Passkeys plus passwords are no better than passwords alone
Google’s approach is the most common implementation: using passkeys as the preferred method, but letting you use your password as a backup when needed. This is convenient as people get used to passkeys, since early on, you’re more likely to misunderstand how they work and accidentally lock yourself out.
But the downside is that with both passkeys and passwords enabled, your account is only as secure as your password is. It’s a security cliché that your account will only be as strong as its weakest link.
As passkeys become commonplace, I expect we’ll see more accounts disable support for passwords. Until then, baseline account security won’t truly be upgraded.
2FA is inconsistent, too
Passkeys aren’t the only element of this security journey where I found annoying inconsistencies. My preferred method of 2FA is TOTP (time-based one-time password) codes in an authenticator app. Most services let you use any 2FA app you like by scanning a QR code or entering a secret.
I found an exception to this: ID.me (making it a security oddball in two ways). It has its own authenticator app called ID.me Authenticator, and you can’t use any other option. Both 1Password and Proton gave me an error when I tried scanning the QR code, and I couldn’t manually enter the secret.
I added 2FA to my ID.me account in 2022 using Authy, so this must have changed in the last few years. Since I was trying to condense the number of apps I use, I’m not thrilled about having to add another app to my phone (that I can’t access on my computer) for a single website.
I noticed that Google prevents you from using SMS for 2FA when you have more secure methods (like an authenticator app) added to your account. Given that SMS and email are the weakest 2FA methods, pushing you away from them is wise.
But this isn’t consistent across accounts either—some services require you to have SMS 2FA enabled as a backup, others allow you to, and some don’t support it at all. While it helps us feel better about our account protection, it’s fair to say that 2FA is one of the worst technical hurdles we put up with.
Another oddity that always throws me off is when the website asks you to confirm your phone number or email address before sending you a code (Microsoft does this). Because almost every other site sends the code immediately, I gloss over the prompt and end up waiting a minute or two, wondering why I’m not getting the code.
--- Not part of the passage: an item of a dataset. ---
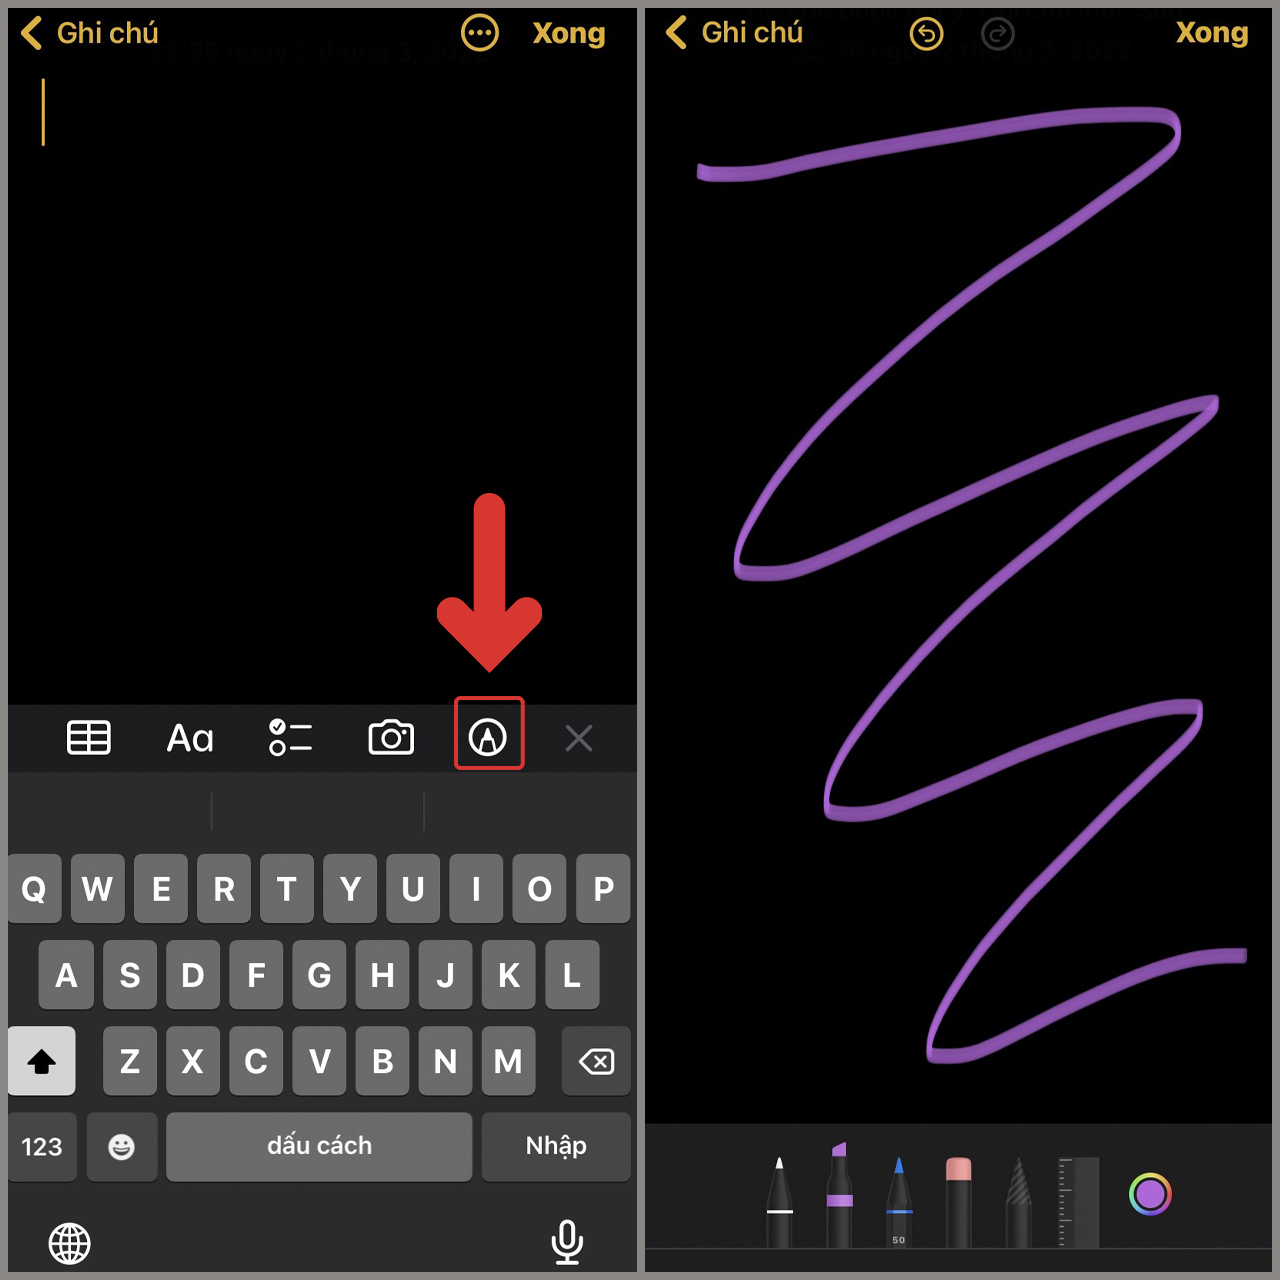 Test màn hình iPhone sẽ giúp bạn xác định chất lượng màn hình của điện thoại. Nếu bạn muốn đảm bảo rằng màn hình của iPhone của mình hoạt động tốt và hiển thị màu sắc chính xác, hãy xem video kiểm tra này. Bạn sẽ biết được làm thế nào để kiểm tra màn hình iPhone của mình và sửa lỗi nếu cần.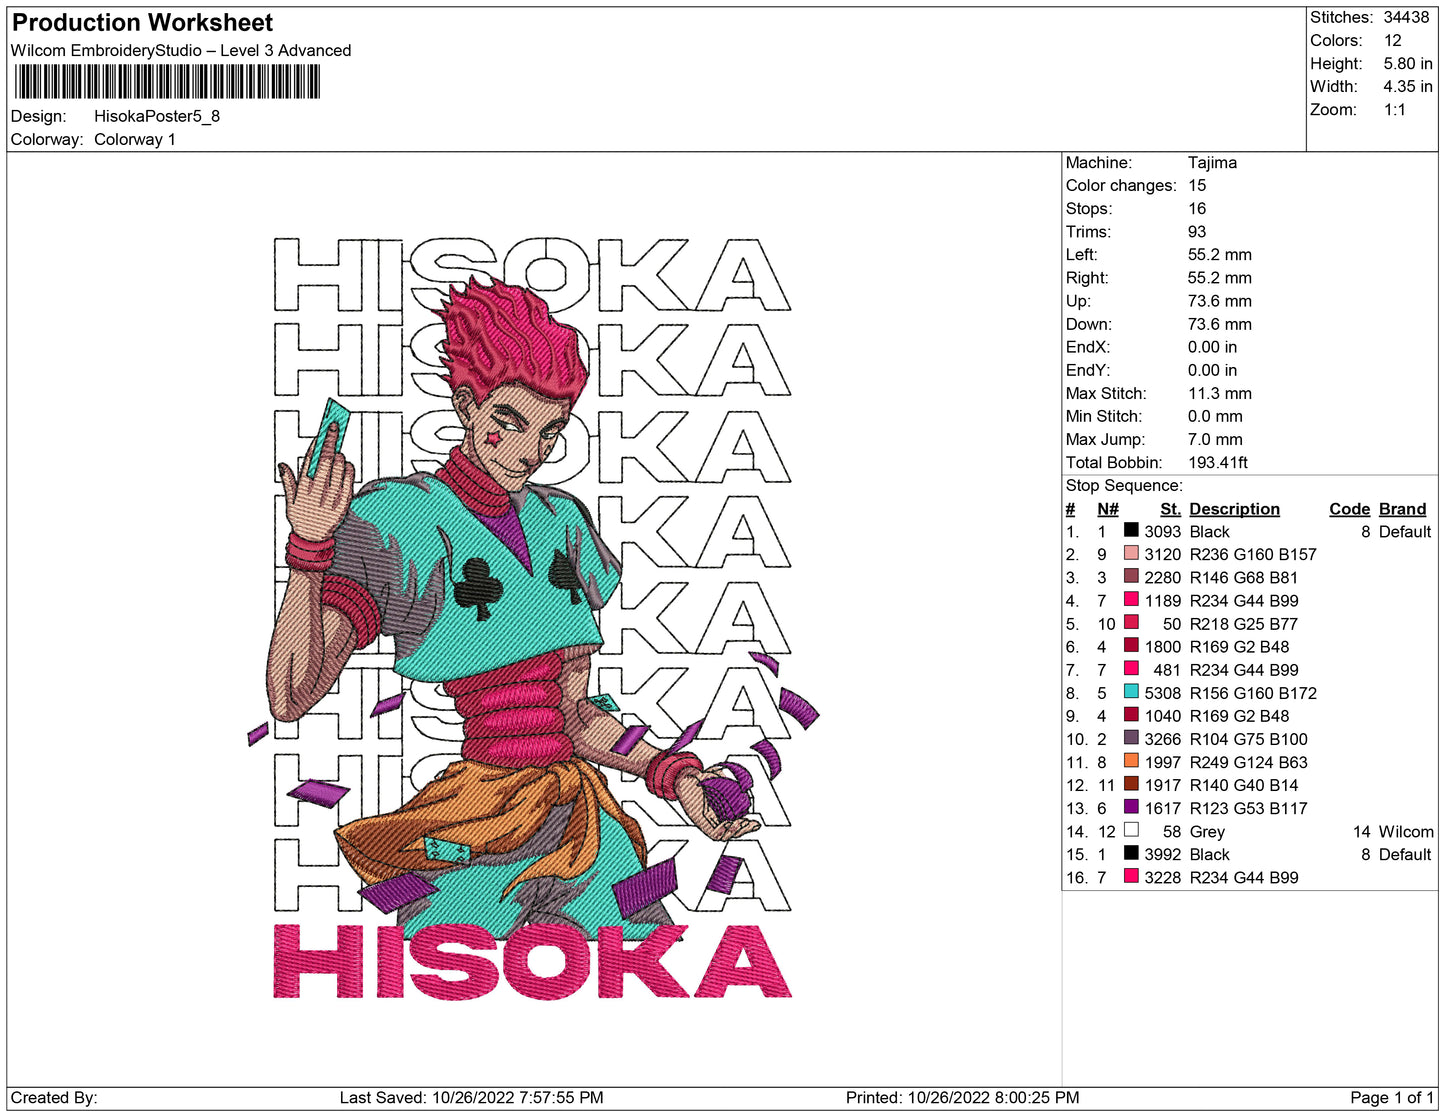 Hisoka-Plakat

Stronger security isn’t always straightforward
After a lot of tedious work, I’m happy with the state of my account security. Passkeys are (usually) implemented clearly, and almost every site supports 2FA authenticator apps. I cover this lack of consistency because if I noticed it as someone who works in tech, I’m sure people who are less tech-savvy will, too.
These bits of confusion add up, especially when making mistakes in this area can lead to you getting locked out of your accounts. If passkeys are going to take over passwords, they need to be implemented in a clear, consistent way so everyone can take advantage of them.